The Canada-United States-Mexico Agreement (CUSMA) was signed in November 2018, replacing the North American Free Trade Agreement (NAFTA) that governed trade between the three countries for over 25 years. CUSMA was designed to modernize NAFTA and strengthen the economic ties between the three nations. Since its implementation, there has been a lot of discussion about how CUSMA will impact the economy of North America. In this article, we will take a closer look at the economic impact assessment of CUSMA.
The International Trade Commission (ITC) conducted an economic impact assessment of CUSMA in early 2019 to determine its potential effects on the U.S. economy. The assessment found that CUSMA would increase U.S. gross domestic product (GDP) by 0.35% and create 176,000 new jobs. The ITC also found that the agreement would benefit the U.S. agricultural and manufacturing sectors, as well as the services industry.
Similarly, the Mexican government conducted its own economic impact assessment of CUSMA. They found that the agreement would increase Mexico`s GDP by 1.2% and create 590,000 new jobs over the next 15 years. The assessment also highlighted that CUSMA would help to diversify Mexico`s economy and increase foreign investment.
Canada has not released an official economic impact assessment of CUSMA, but some economists predict that the agreement will have a positive impact on their economy.

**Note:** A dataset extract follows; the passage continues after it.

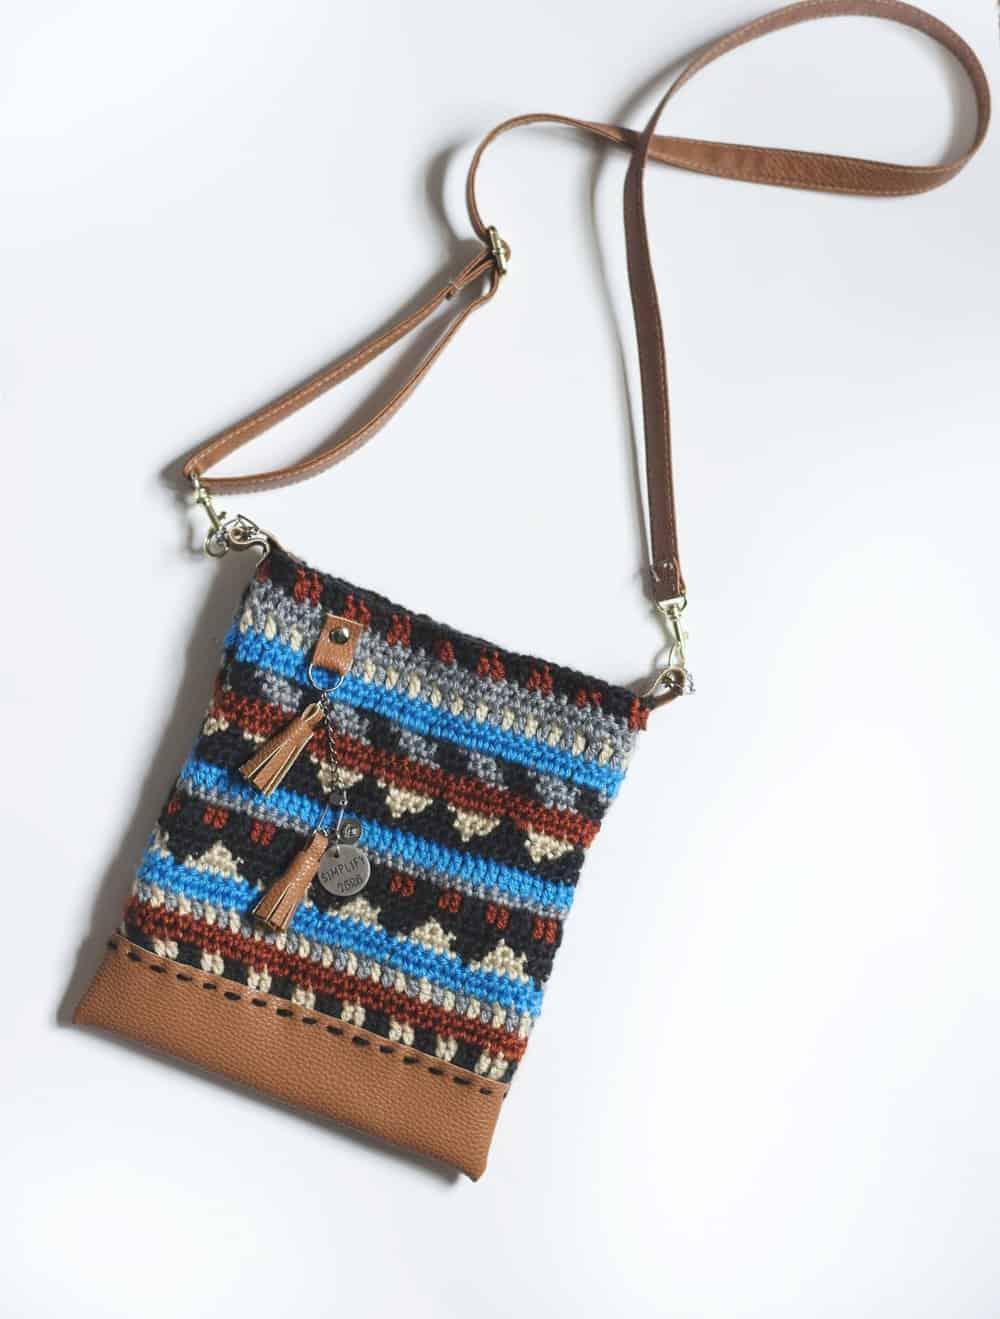 Aztec cross-body boho purse

They believe that CUSMA will increase Canadian exports to the U.S. and Mexico, which will boost economic growth and create new jobs.
Despite the positive economic impact assessments of CUSMA, some experts have expressed concerns about specific aspects of the agreement. For example, the automotive rules of origin have been a topic of debate, with some experts warning that they could increase production costs and decrease competitiveness in the industry.
Additionally, the agreement includes provisions related to intellectual property, digital trade, and labor practices. Some experts have raised concerns about the potential effects of these provisions on businesses and workers.
In conclusion, the economic impact assessment of CUSMA has been largely positive, with estimates of increased GDP and job creation across the three nations. However, some concerns have been raised about specific aspects of the agreement. As CUSMA continues to be implemented, it will be important to monitor its effects on the economy and adjust policies as needed to ensure that it benefits all parties involved.